McCall’s 7923, the dress from the Seventeen cover and the Crompton Corduroy ad, could be made sleeveless, as a jumper, and came with a blouse with zippers at the sleeves and back. The pattern also included the low-slung skinny belt and carriers (available in the shop):

1960s dress or jumper and blouse pattern after Courrèges - McCall's 7923

McCall’s 7923 after Courrèges (1965) Image via PatternVault on Etsy.

Perhaps the rarest of these patterns, McCall’s 7932 is a short-sleeved top and skirt ensemble:

1960s top and skirt pattern after Courèges - McCall's 7932

McCall’s 7932 after Courrèges (1965) Image via Etsy.

McCall’s 7936 is a short-sleeved blouse and skirt suit with Courrèges’ characteristic, stand-away collar (available in 2 sizes in the shop):

1960s skirt suit and blouse pattern after Courrèges - McCall's 7936

McCall’s 7936 after Courrèges (1965) Image via PatternVault on Etsy.

McCall’s Courrèges-look double-breasted coat, McCall’s 7938, has welt pocket flaps and a martingale and loose panel in back, with all edges accented by contrast binding. The pattern also includes a skirt suit and blouse (available in 2 sizes in the shop):

1960s coat, suit, and blouse pattern after Courrèges - McCall's 7938

McCall’s 7938 after Courrèges (1965) Image via PatternVault on Etsy.

Finally, McCall’s 7940 is a pattern for a high-waisted dress or jumper, short-sleeved blouse, and double-breasted jacket with standing collar (available in the shop):

1960s dress or jumper, blouse and jacket pattern after Courrèges - McCall's 7940

McCall’s 7940 after Courrèges (1965) Image via PatternVault on Etsy.

André Courrèges’ futuristic style, high hemlines, and fresh trouser looks had made him a hit with the youthquake set.

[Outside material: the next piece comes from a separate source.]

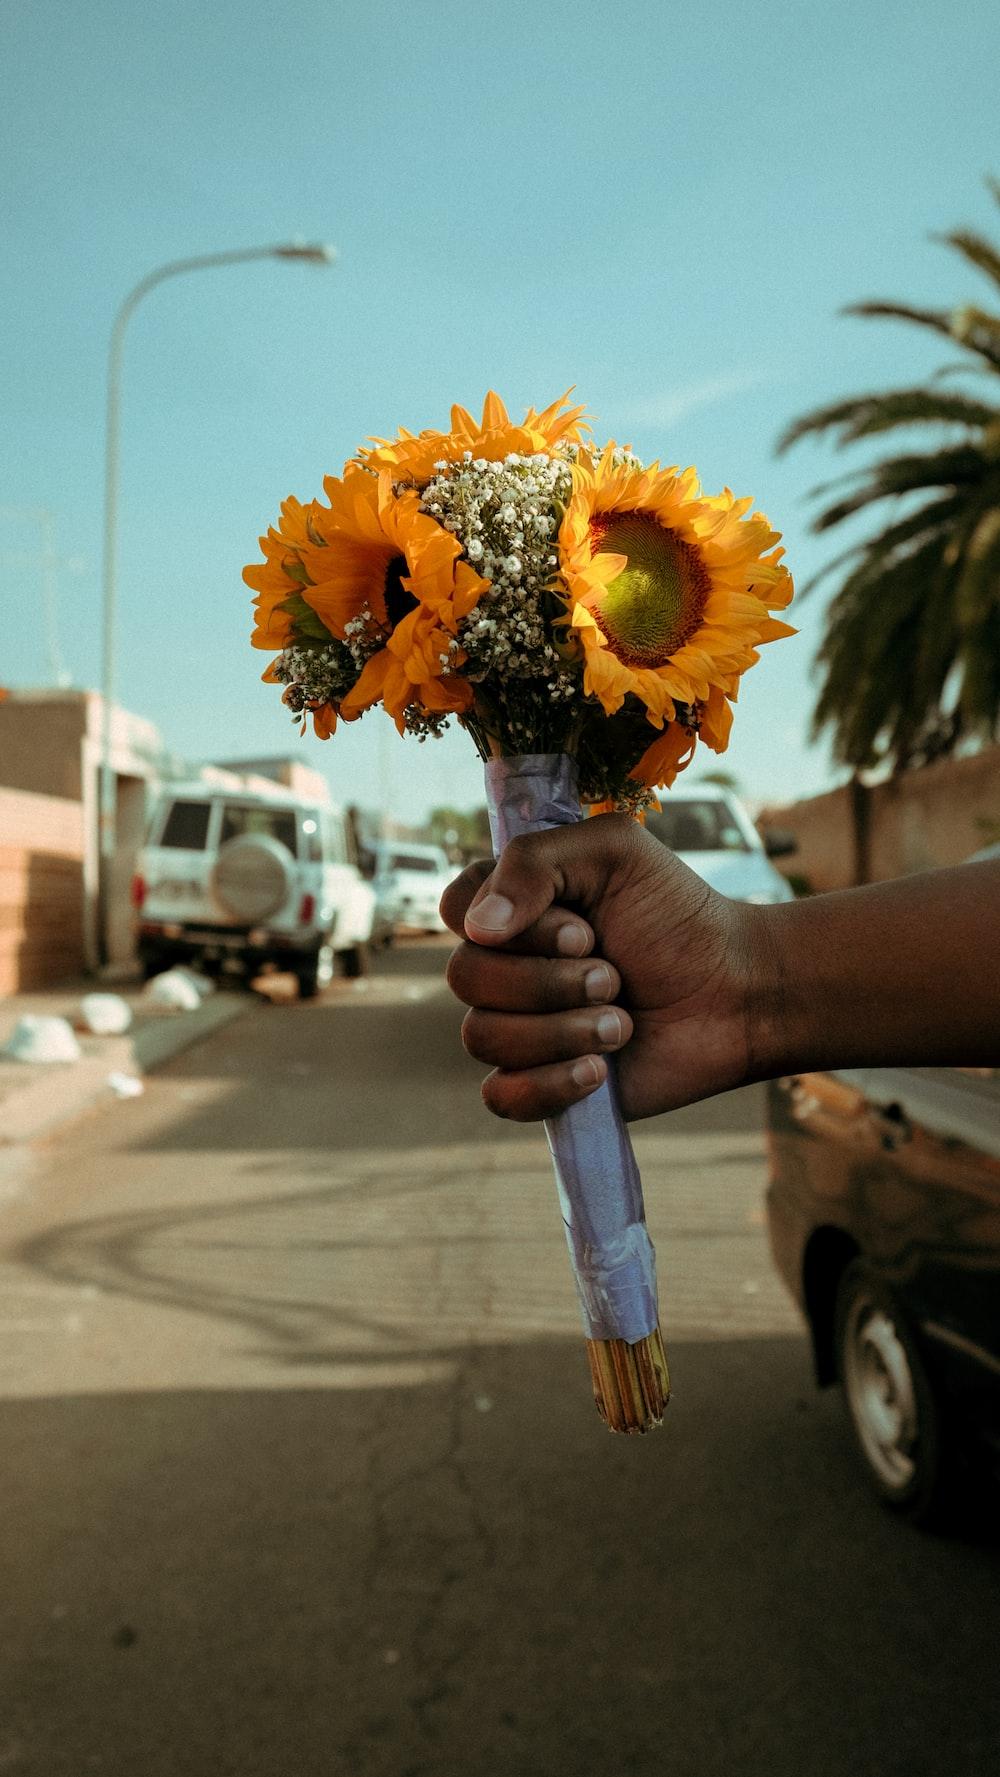 person hand holding sunflower bouquet

In a nod to this market, the illustrations show kitten heels and go-go boots, and the three patterns shown in Seventeen magazine have the text, “SEVENTEEN says: ‘It’s Young Fashion!'” Most of the Courrèges-look patterns were available in teen and junior sizes; one (M7923) was not available in misses’ sizes at all. (Of the two patterns in misses’ sizes only, M7938 and M7940, the former was featured in McCall’s magazine, though I’m not sure which issue.) It’s surprising that the patterns include no pantsuits: Courrèges was a great proponent of pants for the woman of the future.

I’ll close with some William Klein photos of Courrèges for Vogue magazine (visit Youthquakers for the full editorial):

Vogue1Mar1965_C1

Courrèges in Vogue, March 1, 1965. Photos: William Klein. Image via Youthquakers.

Vogue1Mar1965_C2

Courrèges in Vogue, March 1, 1965. Photos: William Klein. Image via Youthquakers.

* Dacron was known by the name Terylene in the U.K.